Folks from that generation can quote whole verses. It brought people to tears. It made them proud to be an American. It helped them remember the terrible toll of World War II. It did everything a poem, and a poet, is supposed to do – it created a moment of collective consciousness, when regular people from New York City to New Mexico came together in a moment frozen forever in time.
It is also a dreadful poem. The verbiage is overwrought. The lofty patriotic verses literally smother the grandiose metaphors. Here’s a typical verse:

Lord God of trajectory and blast
Whose terrible sword has laid open the serpent
So it withers in the sun for the just to see,
Sheathe now the swift avenging blade with the names of nations writ on it,
And assist in the preparation of the ploughshare.

So it got me thinking about the lesson for today. And that is, what is eternal art anyway? This poem, so important then, is barely remembered today. It’s no longer a poem, it’s history; a literary footnote. (To be fair to Corwin, his body of work is deep, complex and worth study.)

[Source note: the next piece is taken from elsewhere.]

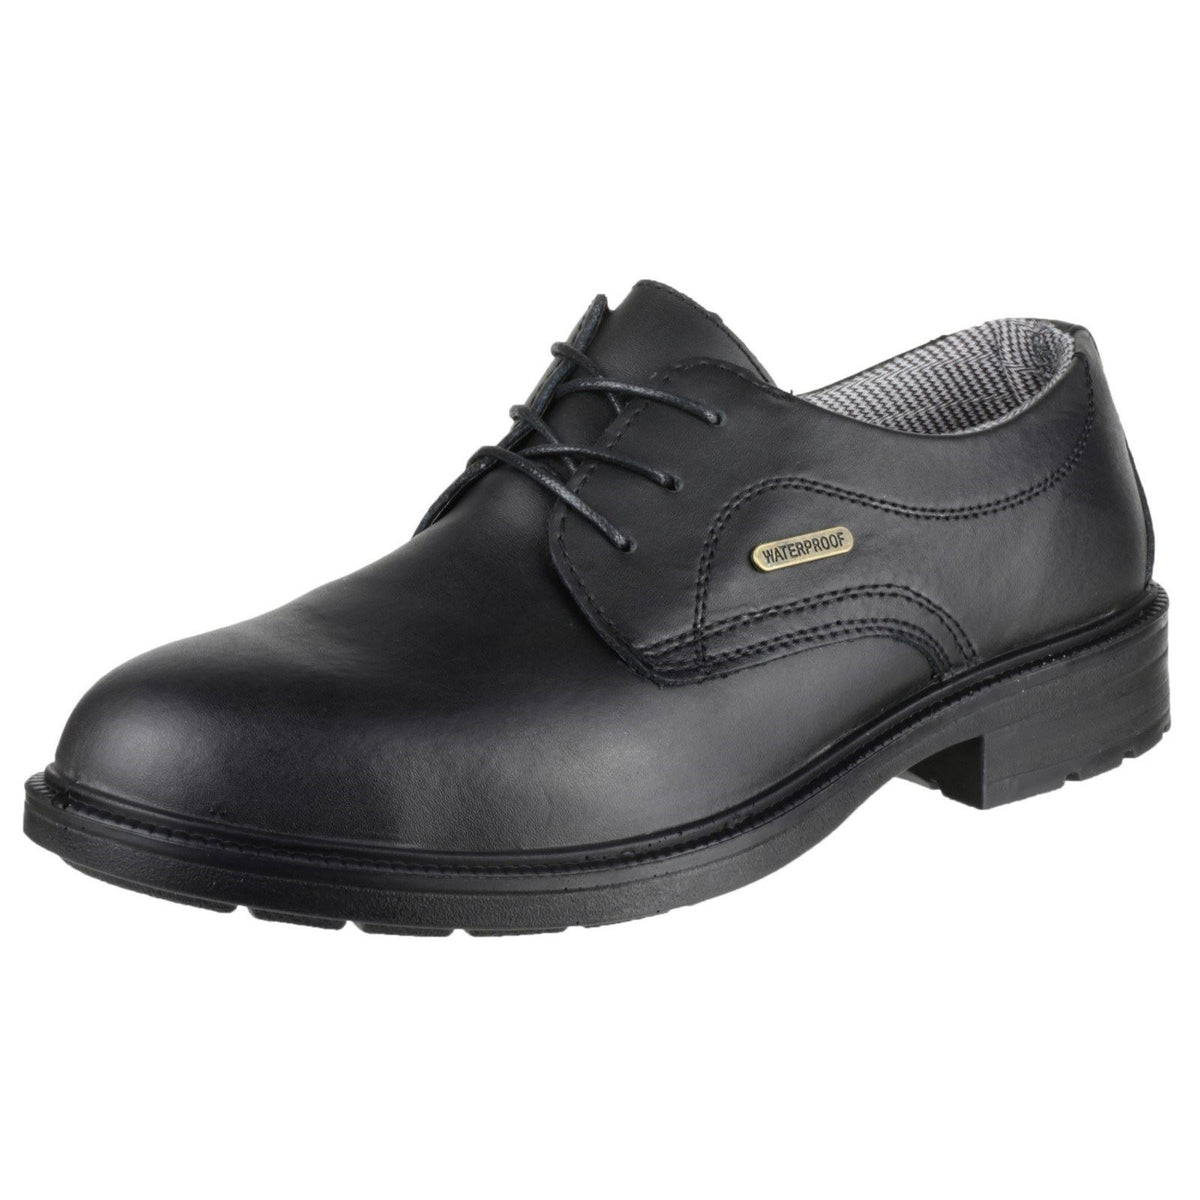 Amblers Safety FS62 Gibson Safety Shoes
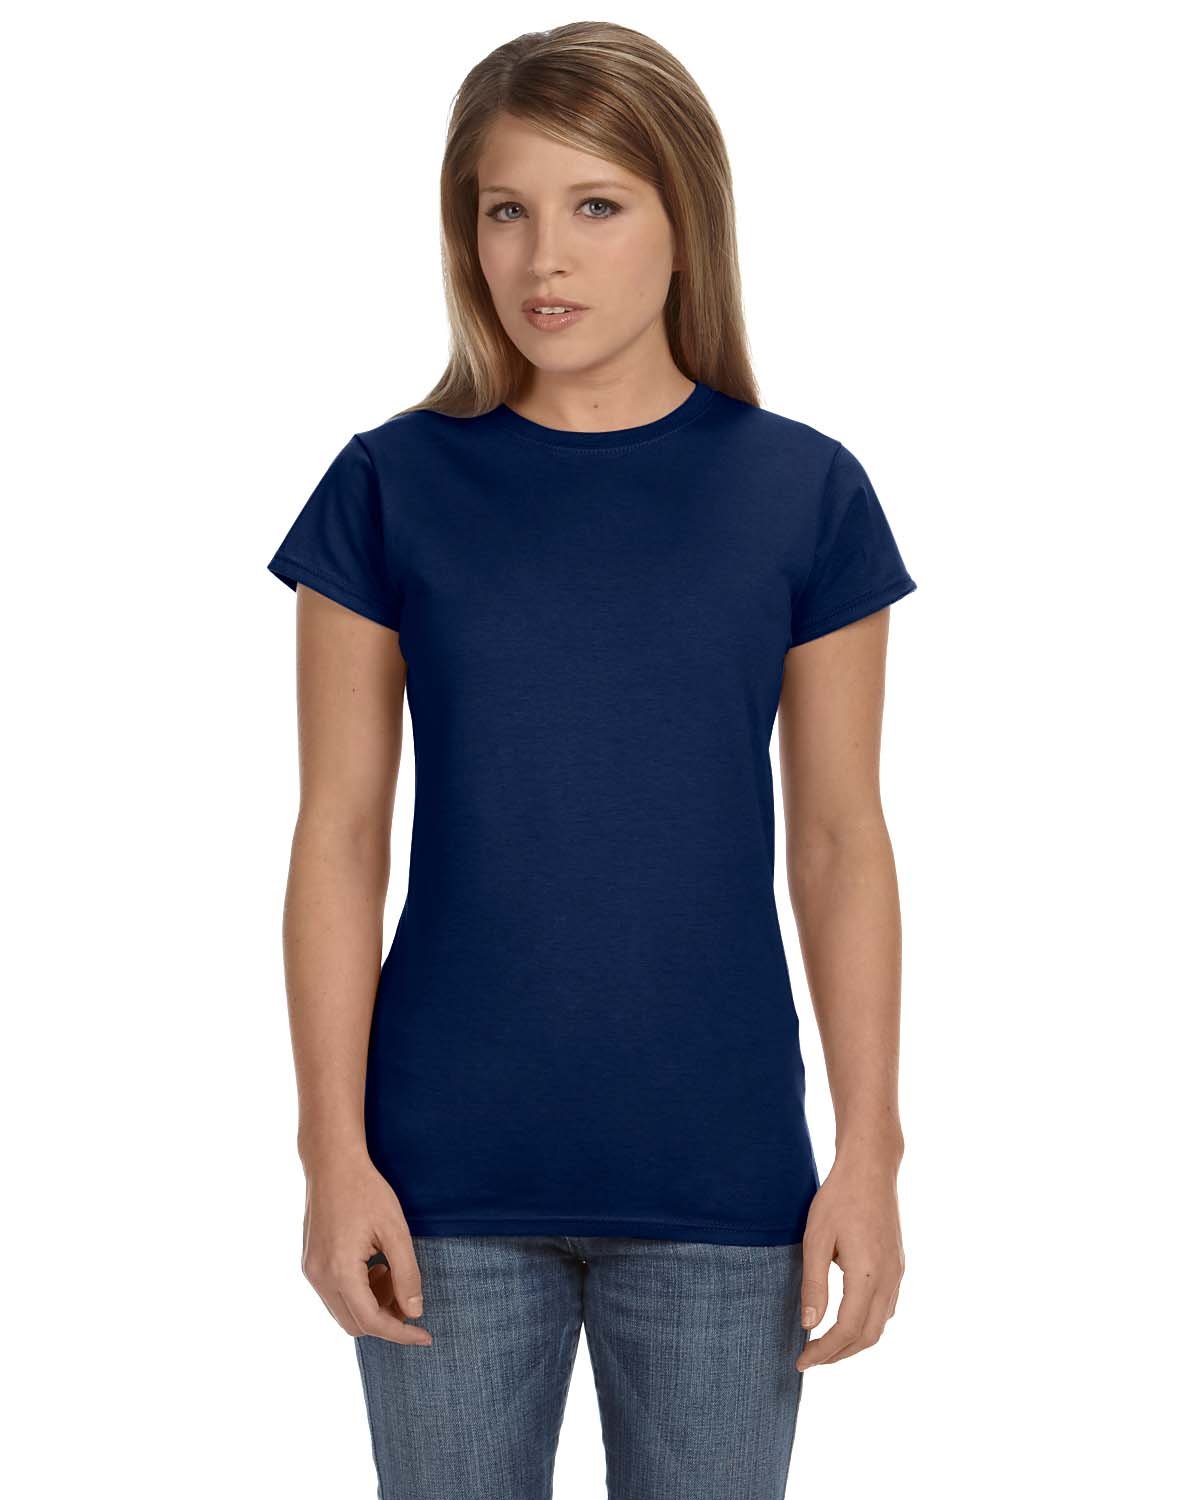 Gildan Ladies' Softstyle® Fitted T-Shirt NAVY

Yet Whitman’s Leaves of Grass for example, also deeply American, also overwhelmingly popular, also able to move readers to emotional depths, is considered one of the classics, a poem among poems. High art.
I'll tell you why with an example. A few years ago, at the start of the Iraq war, a collection of anti-war poetry was released, and many modern poets contributed. I forget the title right now, but it’s no matter. The poems were forgettable. Why? Because poetry is not supposed to address you directly – it is not supposed to look you in the eye and stare you down.
Oh you’ll remember it for a while if it does, just as people remembered “On a Note of Triumph” for many years after. But a word of advice to all you “anti” and “pro” poets out there – anti-war, anti-government, pro-America, pro-religion.
Poetry should circle around. Poetry should be seen out of the corner of the readers’ eye. A poem should sink in, not shout out. It should be worn like an old hat, not saluted like a crisp flag. It should be about something, and about everything, and about anything.
Years after you read a good poem, you may be sitting at a traffic light, eating at a restaurant, playing catch with your kid, when you remember. NPR should not have to remind you.